There’s also suggestion here, I believe, that while we can never see God, we
can see “behind God”, that is, we can see where God has been and has left His
mark. Have you seen God in nature, in the life of a newborn, in miracles that
we take for granted? God’s been there. Watch to see His back as He moves on and
move with Him and you will experience the after-effects of God’s glory and
presence.
The
message is that if we were to be allowed to see any more of God or all of God,
we could not bear it, no matter how much we desire it. We have to understand
the whole scene as another of God’s infinitely brilliant designs for our
experiences – He reveals a certain amount of Himself while still concealing all
of Himself; He blesses us with the revelation but at the same time protects us
from any more.
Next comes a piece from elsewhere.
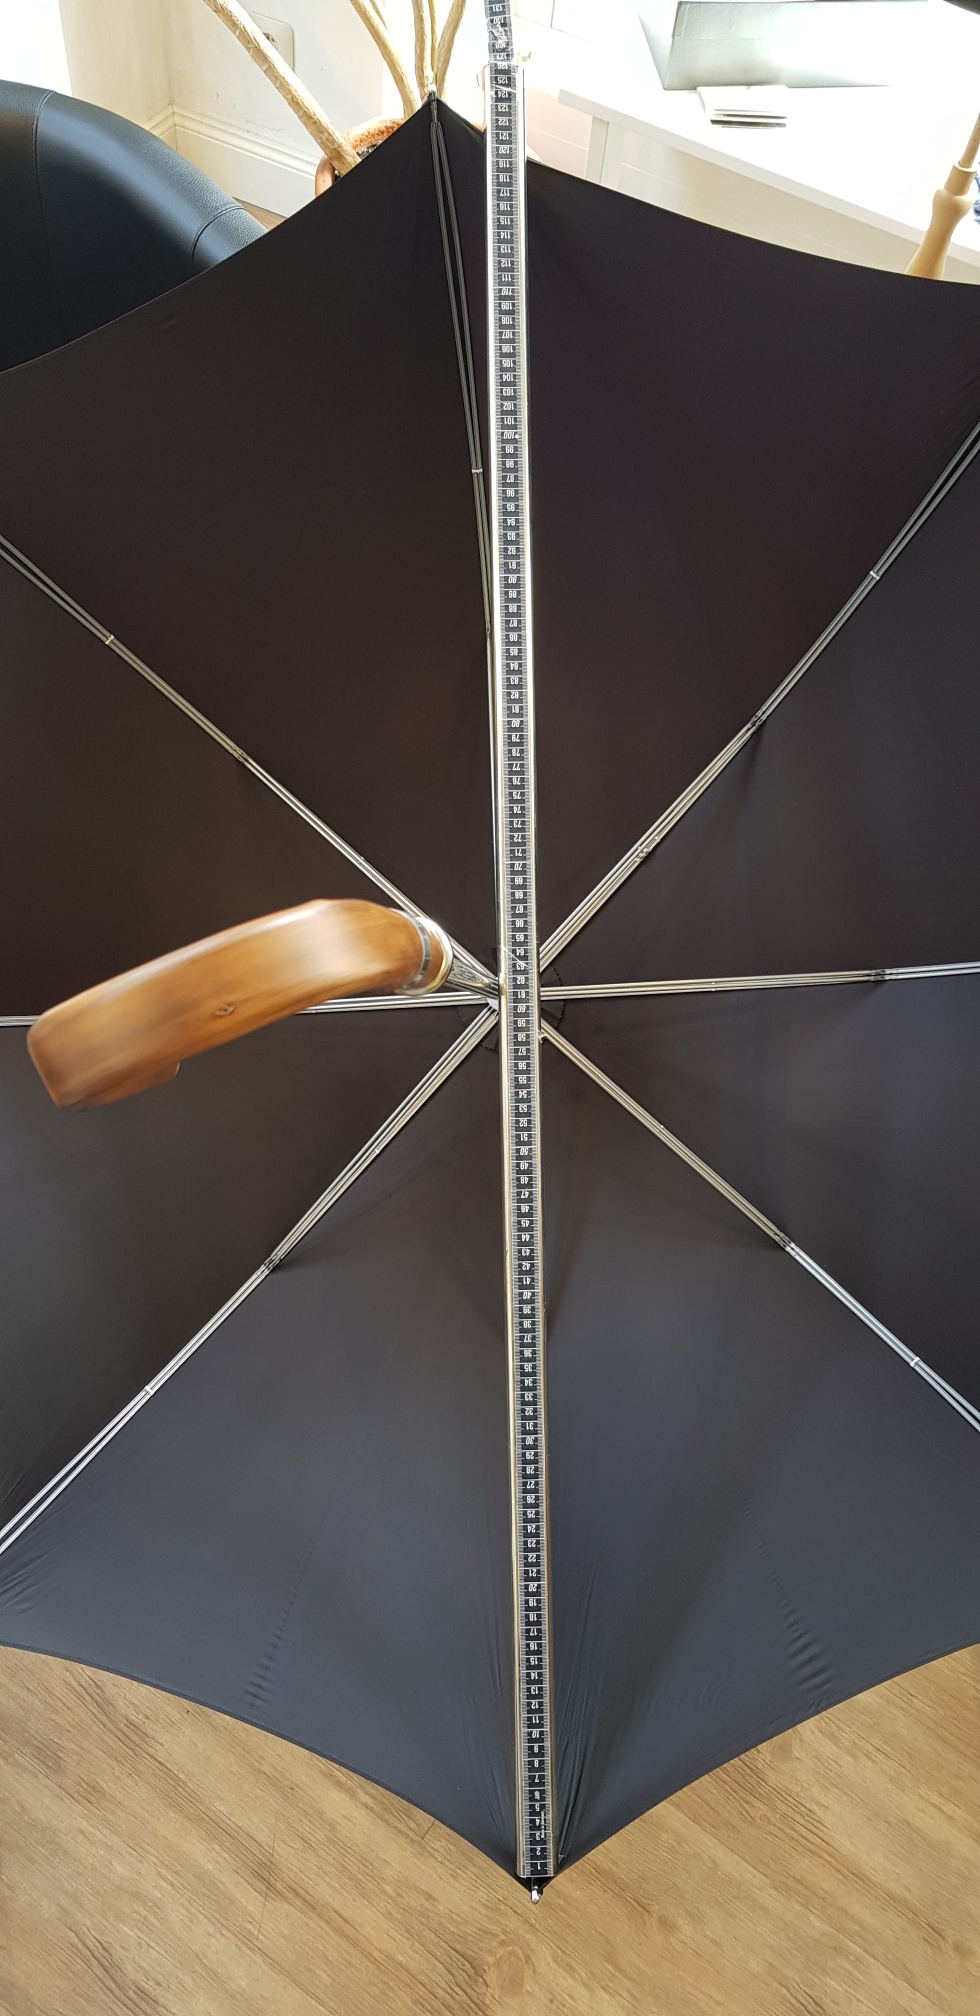 Regenschirme von Brigg: Durchmesser 125cm mit Doppelstreben

And that’s how God rewarded Moses and his desire to see His
glory. And as Guzik points out, God does all He can to satisfy us as we seek
Him. But the bottom line is that He would have us know Him more by His goodness
and mercy, than, as Matthew Henry says, by His glorious majesty.
And
it did not stop there for the believer.
There was more of God’s glory to be revealed when God gave us His Son,
Jesus Christ (John 1:14 and 2 Corinthians 3:18).
God
tells Moses He will be “gracious to whom
He will be gracious.” God as absolute owner of all and everything, grants
His gifts to whomever He chooses and in any amounts that He chooses. He owes no one anything; nor is He
accountable for His actions to anyone. That’s why the world had, and has, a
problem with Him. The motivation for any of His decisions in this regard stem
solely from within Him and not because of anyone meriting anything He gives to
them. His gifts are strictly on the basis of His doing what seems right to Him
and Him alone. Now for those of us that
have been taught that there must be “fairness and equality” in all aspects of
our lives today, that is hard to swallow.
Yet, it is the very thing we need to grasp in our relationship with God.
Telling God He’s wrong in doing so gets us nowhere fast.
You and I need to come to the place where we seek God without ceasing, accept the blessings He gives us, keep asking for more, and recognize His right to withhold our requests when He chooses to, which ultimately is for our own protection. We cannot invite or expect the Holy Spirit to work in us and through us, until we get to that place.